In our previous quarterly coverage, we argued that its less-than-truckload portfolio of assets was making good progress, and recent results arguably reinforced that view.
Operating revenues remained under pressure at $1.2bn in the three months ended 30 June, down 4% year-on-year. However, good costs management helped YRC shore up its operating profits, which rose to $57.2m and $70.6m, respectively, in the second quarter and in the first half of the year from $56.9m and $60.6m one year earlier.
Its market cap is $413m, yet its enterprise value, which includes net debt, is about $1.2bn, and testifies to a stretched financial position – forward net leverage stands at about 3x, but is falling.
While its shares remain a speculative trade, given its current debt position and a zero-dividend policy, trading multiples still appear to point to a value story despite the recent rally, even though any possible capital appreciation from these levels depends on how the firm manages cash flows.
The good news, however, is that it recently almost reached break-even in terms of core free cash flows, with operating cash flow coming in at $47.5m in the first half of the year against $31.1m one year earlier. True, it had marginally higher capex requirements at $47.3m and incurred higher debt repayments, but cash and cash equivalents nonetheless surged to $243.5m from $184m in the previous quarter and from $173.8m at the end of 2015.
Financial improvements went hand-in-hand with a stronger operational performance. During the quarter, the firm said that YRC Freight launched its new Accelerated service which allows customers’ non-guaranteed shipments to reach their destinations one to two days faster than standard transit times.
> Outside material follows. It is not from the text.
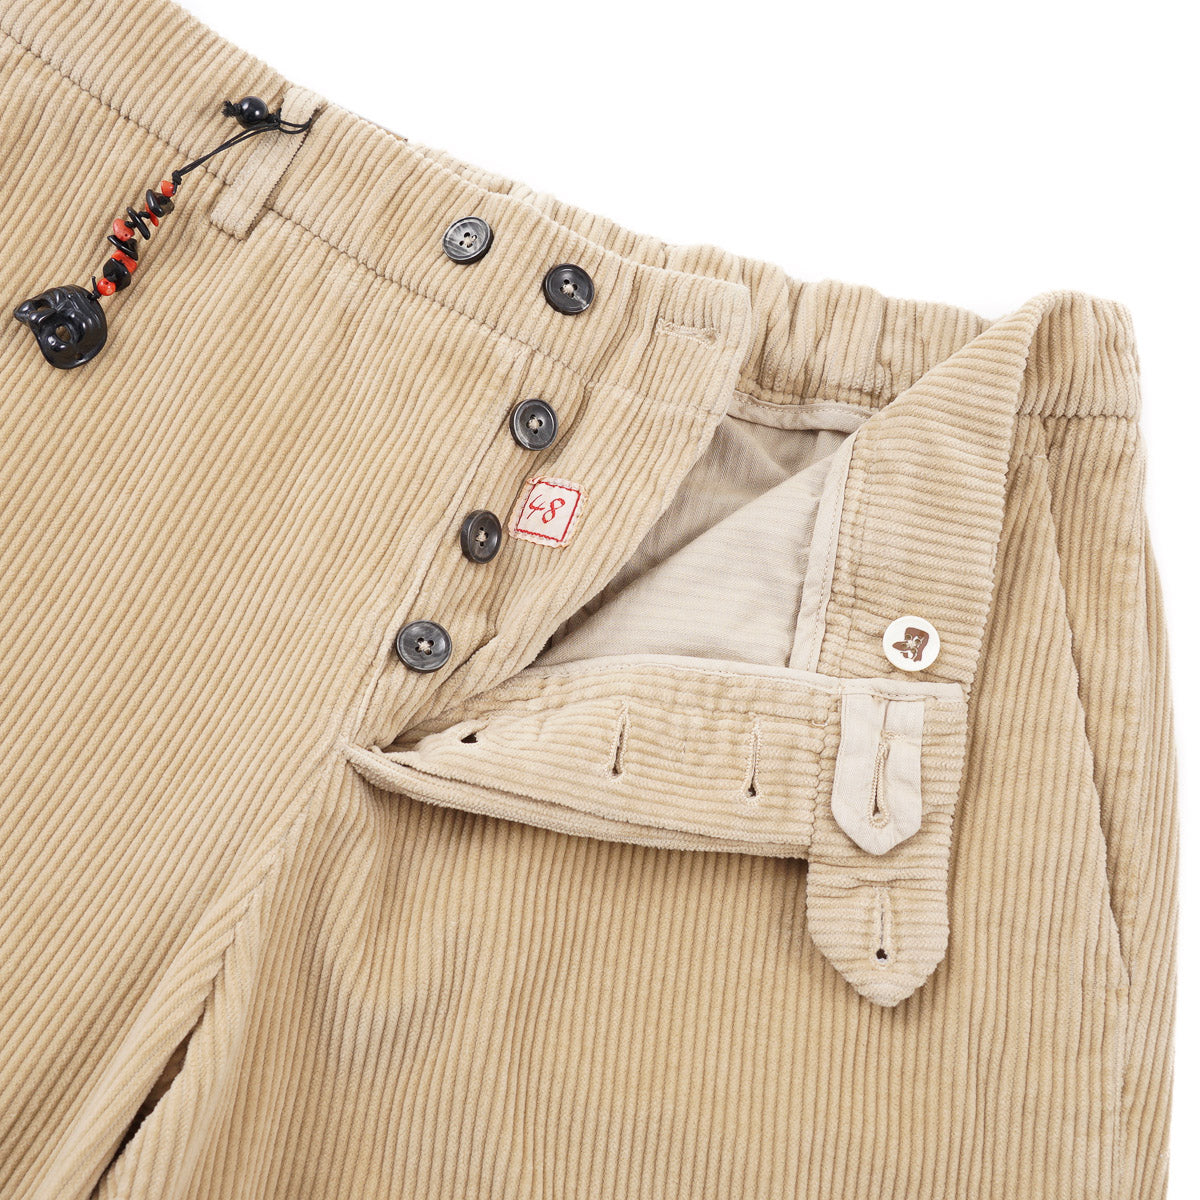 Marco Pescarolo Slim-Fit Corduroy Pants - Top Shelf Apparel

Its operating ratio improved even though trading conditions remained challenging, with the group saying “second quarter 2016 tonnage per day decreased 6% at YRC Freight and 2.4% at the regional segment compared to the second quarter 2015”.
Year-on-year tonnage per day fell in the second quarter, but “in June the decline was much smaller than (in) April and May”, Chief Executive James Welch noted.
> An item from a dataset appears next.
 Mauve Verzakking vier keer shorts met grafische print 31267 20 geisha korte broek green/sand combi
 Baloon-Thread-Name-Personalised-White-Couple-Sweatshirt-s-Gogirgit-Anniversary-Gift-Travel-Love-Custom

“While the uncertain industrial economy continues to impact the trucking industry, we remain focused on actions within our control,” he added.
Although second-quarter results did not meet the company’s expectations, at least operationally, it continues “to strengthen for the long-term” at a time when pricing discipline in the LTL sector remains steady despite macroeconomic headwinds and lower fuel surcharge revenues.